THE BOOK: Swimming in Hong Kong.

PUBLISHED IN: 2016.

THE AUTHOR: Stephanie Han.

THE EDITOR: The staff of Willow Springs Books out of Eastern Washington University.

THE PUBLISHER:  Willow Springs Books is a university press that is housed at Eastern Washington University.

Stephanie HanSUMMARYThe stories cross the borders and boundaries of Hong Kong, Korea, and the United States. This is an intimate look at those who dare to explore the geography of hope and love, struggle with dreams of longing and home, and wander in the myths of memory and desire. The stories explore the personal conflict that arises when we confront difference, the role of women in multiple cultural contexts, and the struggles of how we invent and remake ourselves, forever led by feelings of love, curiosity, and pathos.

THE BACK STORY: I wrote the first story of this collection in 1997 and while the majority of the stories were done by 2005, the last story of this collection was published in a journal in 2007. The vast majority of these stories were rejected from 100-150 times. I had to wait for the Internet to happen, for people to see polyculturalism in action, or at least through their screens.

WHY THIS TITLE?: It’s the name of the last story of the collection. It is set in a swimming pool in Hong Kong. But I like this title as I also think that it works as it defines an idea of chaos, mixing, and movement through an unexpected area or geographic region.

WHY WOULD SOMEONE WANT TO READ IT? People who are interested in lives around the globe, readers who enjoy work that presents the point of view of women protagonists would enjoy this. People who may be keen to understand some aspect of Asia and Asian American life are probably the ones who would be most compelled.

REVIEW COMMENTS:

“Swimming in Hong Kong is a fine debut. Han captures a host of young people caught in the complexities of global identity with easy authority; the result rings with authenticity and feeling.” — Gish Jen, Tiger Writing: Art, Culture, and the Interdependent Self.

“Stephanie Han’s Swimming in Hong Kong features precise and subtle meditations on cross-cultural experiences, from Asian Americans in the Midwest and Asia to women negotiating male-dominated worlds. Han gracefully traverses a complicated terrain fraught with the politics of race, sex, class, gender, and culture. Readers will be grateful for having spent time with these quiet and insightful stories.”  Viet Thanh Nguyen, The Sympathizer, Winner of the 2016 Pulitzer Prize for Fiction.

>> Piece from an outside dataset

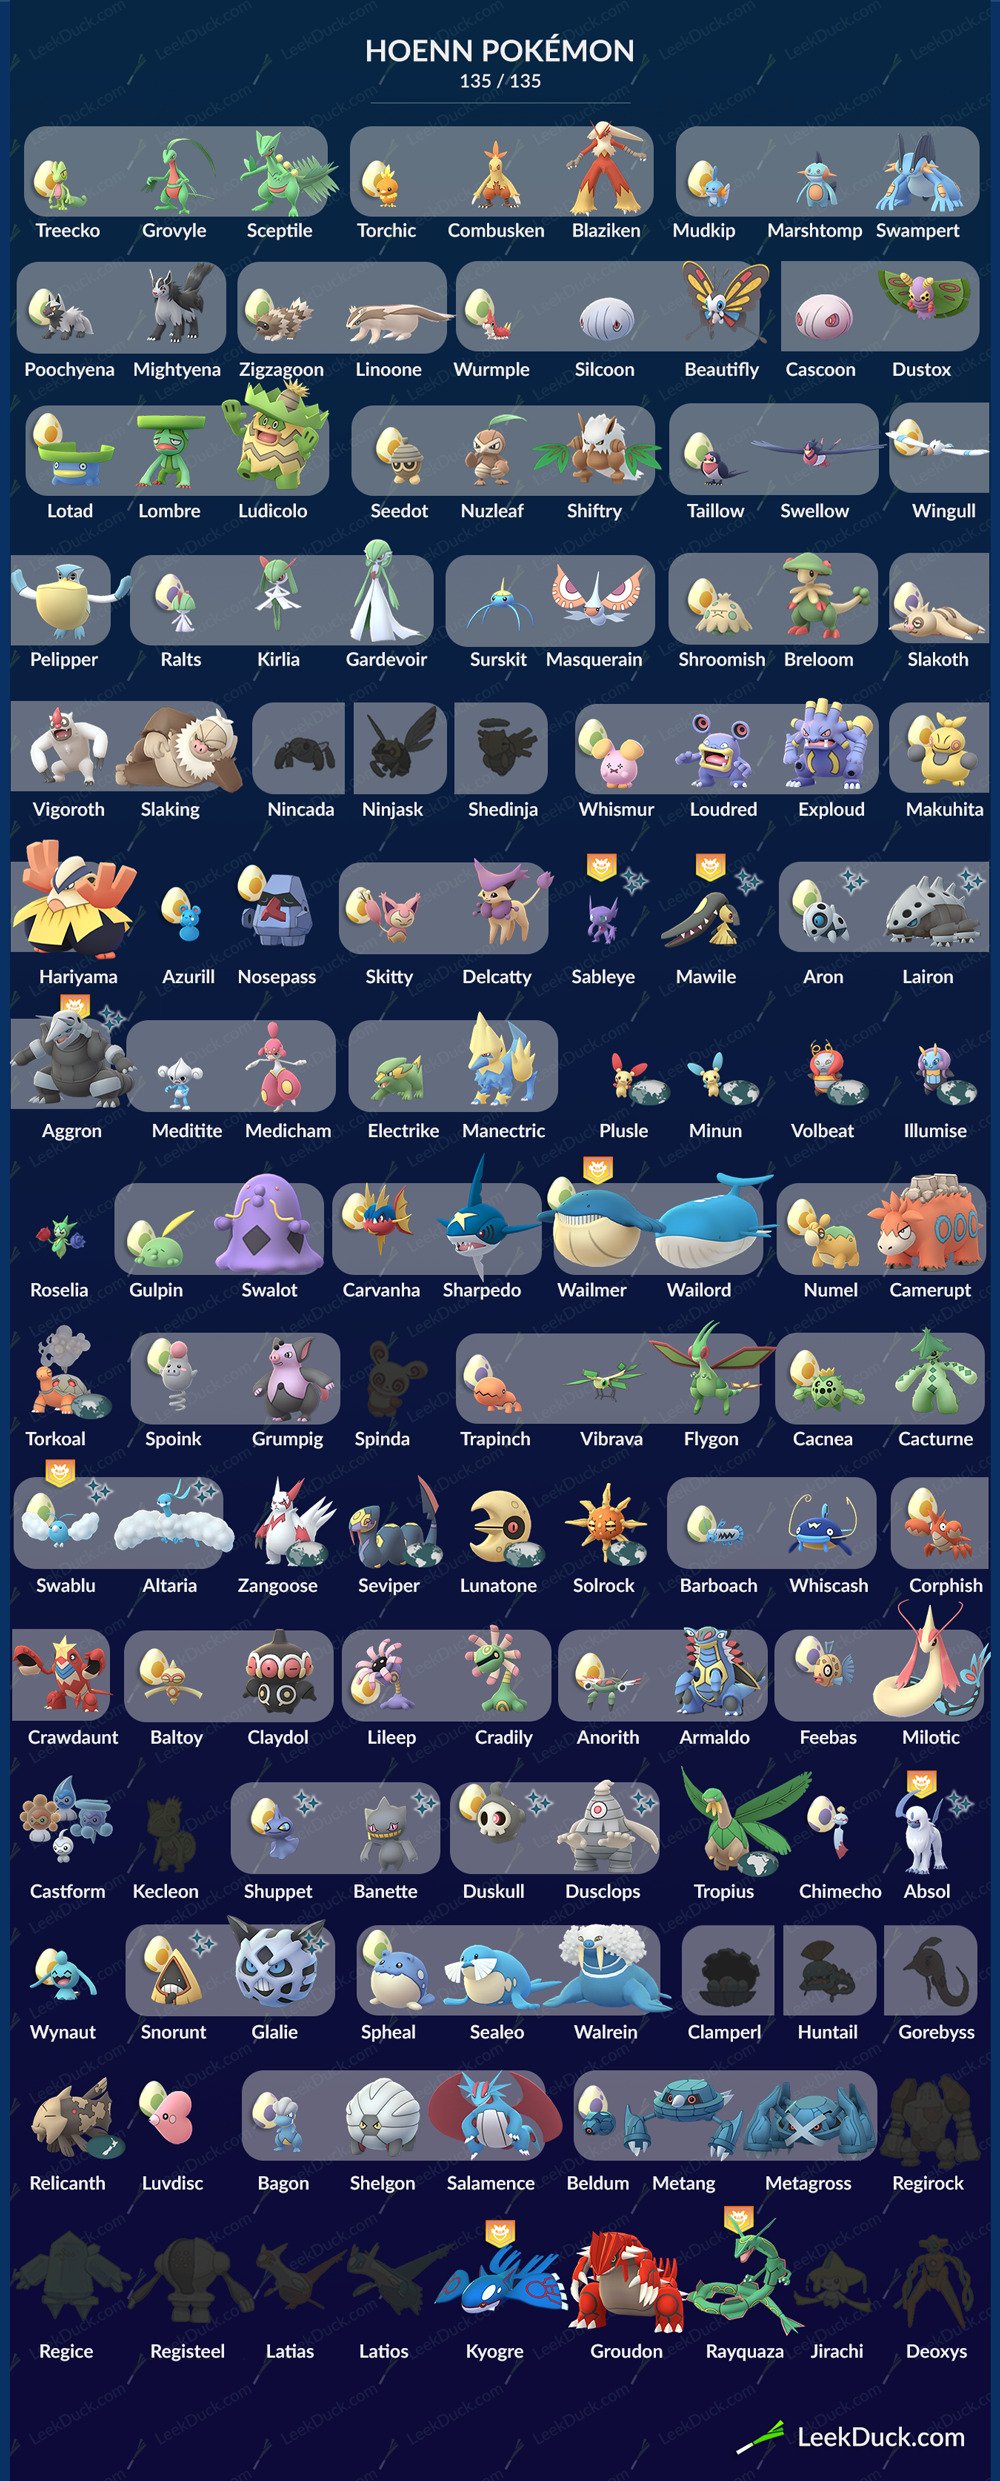 Tutti i Pokémon di terza generazione che possiamo catturare in Pokémon GO
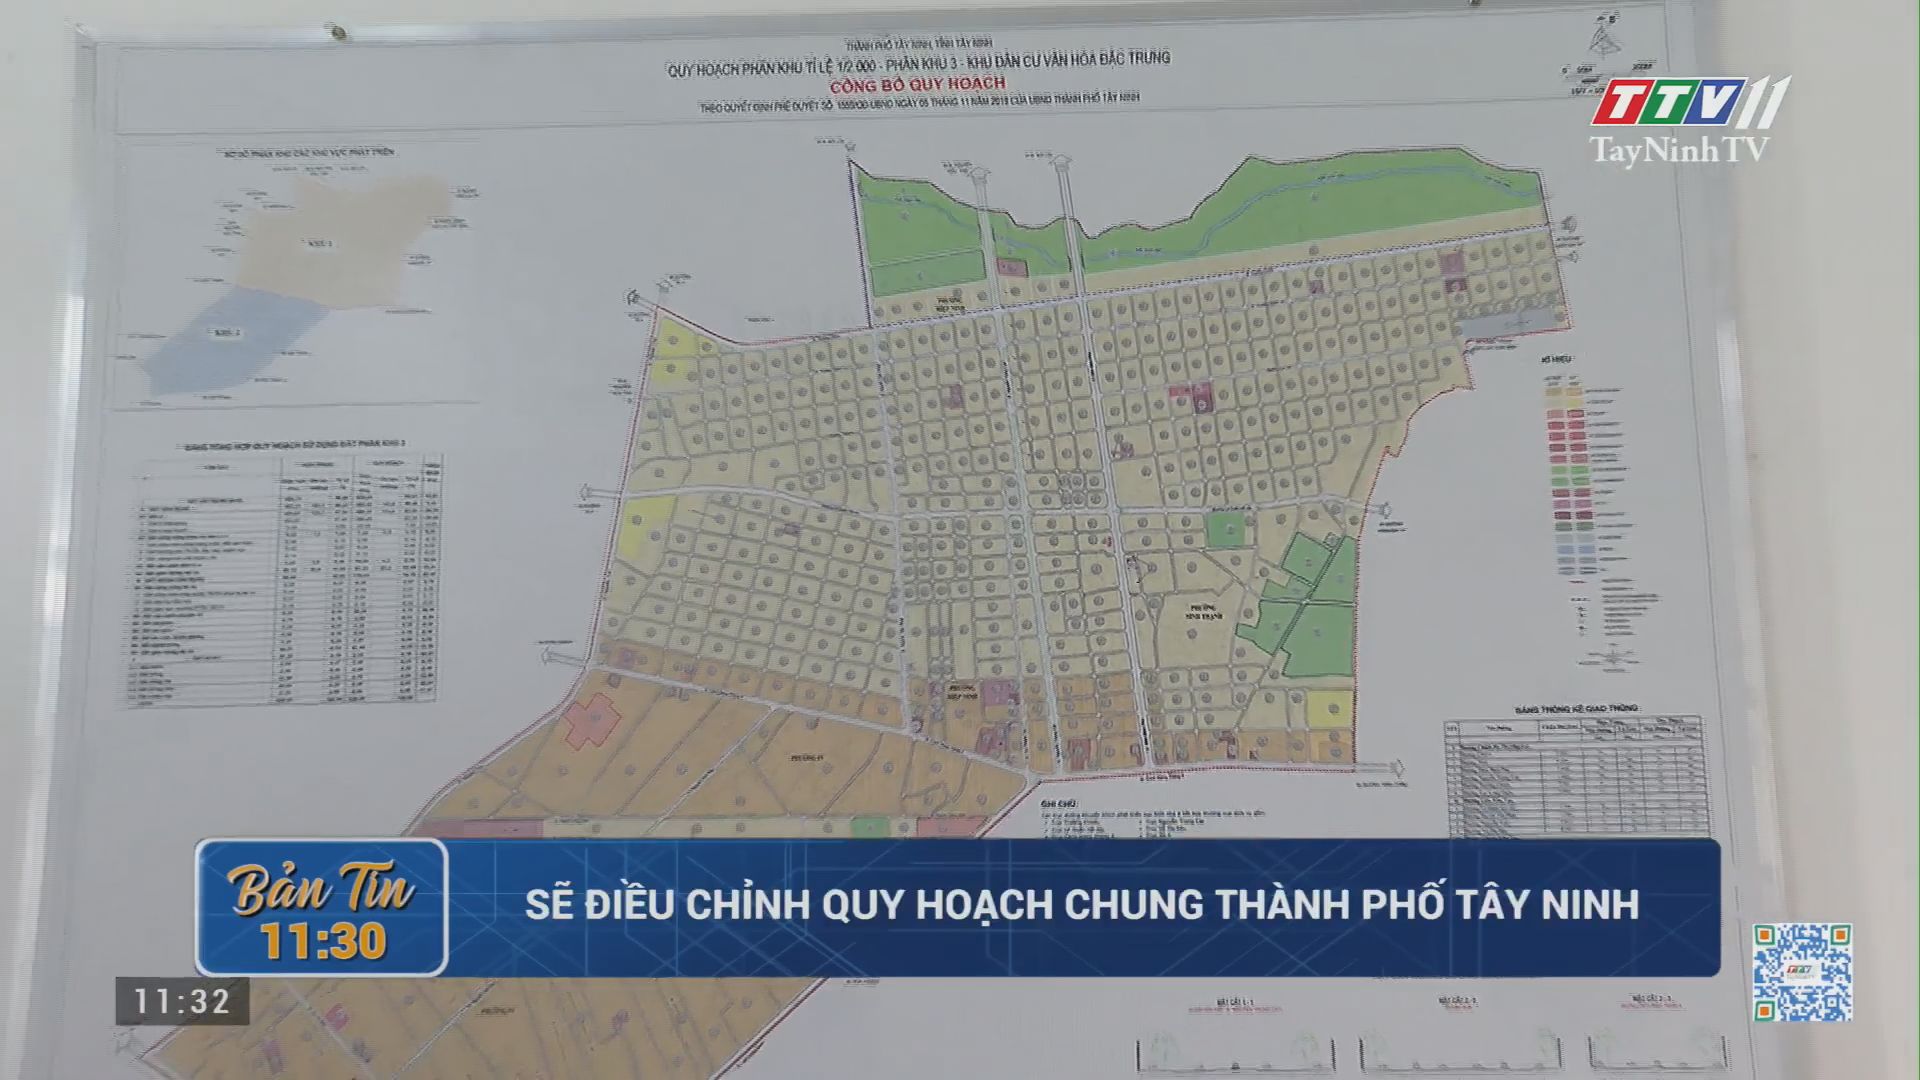 Sẽ điều chỉnh quy hoạch chung thành phố Tây Ninh | TayNinhTV

“In this poignant, bitter-sweet, sometimes playful, collection, Swimming In Hong Kong, the characters are in search of home, identity, love, respect. They are mostly from China, Korea, and other countries, with some connections to the U.S. Their interactions and intermingling are often full of confusion and misunderstanding as they deal with issues of history, culture, religion, family, displacement, identity. The reader is enlightened as the characters try to cope with complex issues in their lives. The settings are full of striking details. The tone and voice, are varied and engaging.” — Nahid Rachlin, Judge of the 2015 AWP Grace Paley Prize for Short Fiction.

“Lovely, searing emotions course through the stories in Swimming in Hong Kong as Stephanie Han beautifully explores the intersection of longing and ethnicity.  Her characters achingly search for connections across societal and racial barriers, struggling to discover love across stereotype, desire without fetish.” — Trey Ellis, Platitudes and Home Repairs.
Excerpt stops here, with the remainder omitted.